- Arcade flyer
- Developer: Sega
- Publisher: Sega
- Platform: Arcade
- Release: 1990
- Genre: Puzzle
- Modes: Single-player, multiplayer
- Arcade system: Sega System C-2

= Borench =

1990 puzzle video game

Borench (ボレンチ, Borenchi) is a 1990 arcade puzzle video game developed and published by Sega.

==Gameplay==
Borench is played in an isometric perspective, and the player's goal is to roll a ball downwards towards a goal, as the screen scrolls up. If the ball reaches the top of the screen, the game ends.

==Reception==
British gaming magazine The One reviewed Borench in 1991, calling it a "mild diversion between the regular bouts of alien genocide", and further stating that there are "No adrenaline surges here, but it's worth a few goes if you fancy a [change of pace]."

Amstrad Computer User also reviewed Borench in 1991, similarly stating that "You'll get no adrenaline surges from playing this baby, but it's quirky enough that you might find yourself having just that one more go or three, inbetween games of Alien Genocide."

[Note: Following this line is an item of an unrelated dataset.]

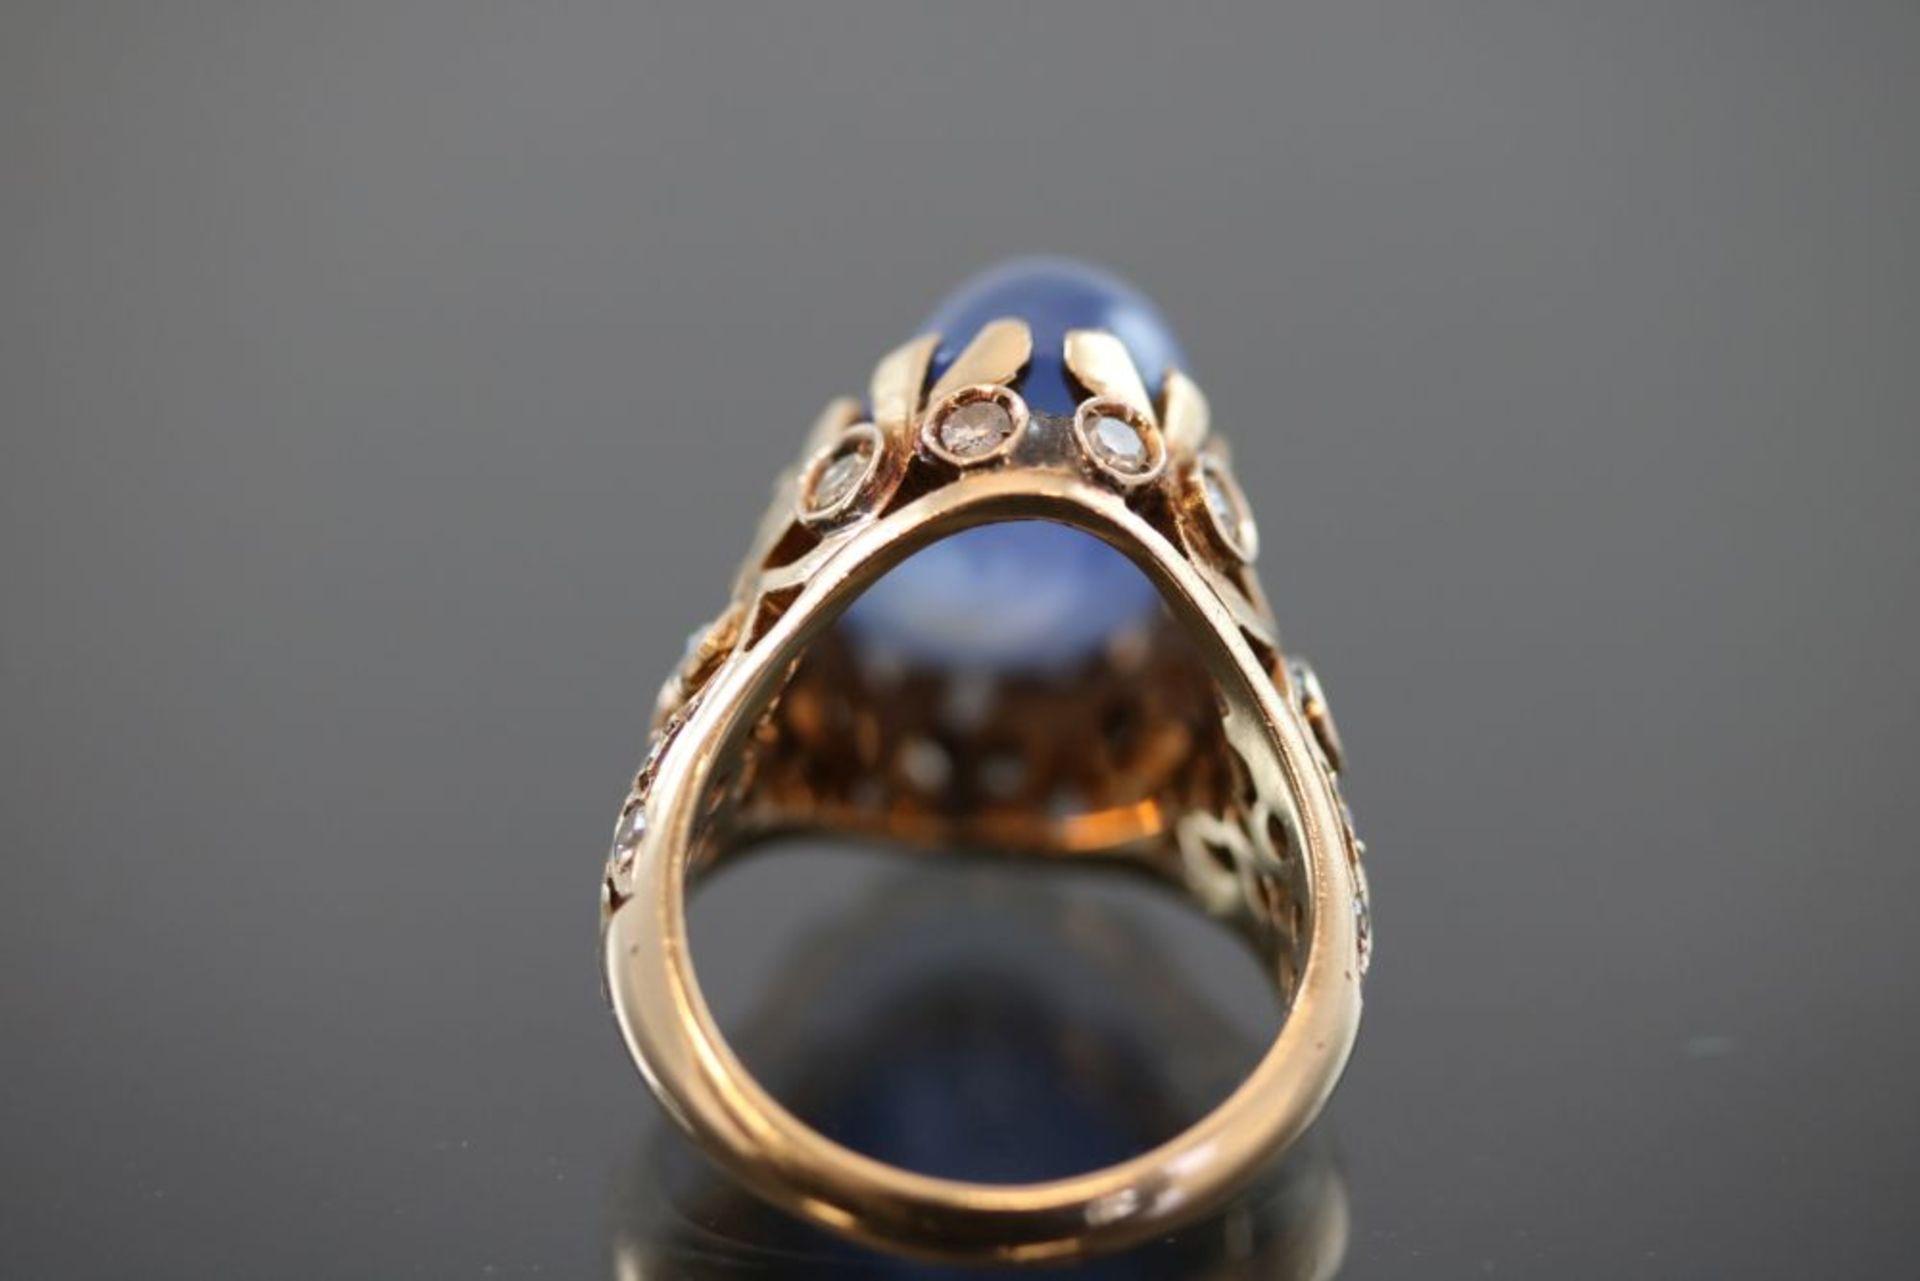 Saphir-Diamant-Ring, 585 Gold - Bild 3 aus 3

Japanese gaming magazine Megadrive Fan reviewed Borench in 1990, calling it an "action puzzle game" and stating that it requires "calm and quick judgement" in its gameplay. Megadrive Fan further states that "Using a number of techniques can make a difference to your score. However, if you aim for a high score, the risk of mistakes is usually high" and that Borench's controls "require getting used to". Megadrive Fan compares Borench's "simple and abstract" graphics to Tetris and Columns, and its gameplay to Marble Madness. Megadrive Fan praised Borench's "simple" gameplay, expressing that it is easy to learn, and noted that it rewards differing styles of gameplay with points, stating that Borench's "difficulty varies depending on the playstyle of the player." Megadrive Fan criticises Borench's two-player mode, calling it "unnecessary."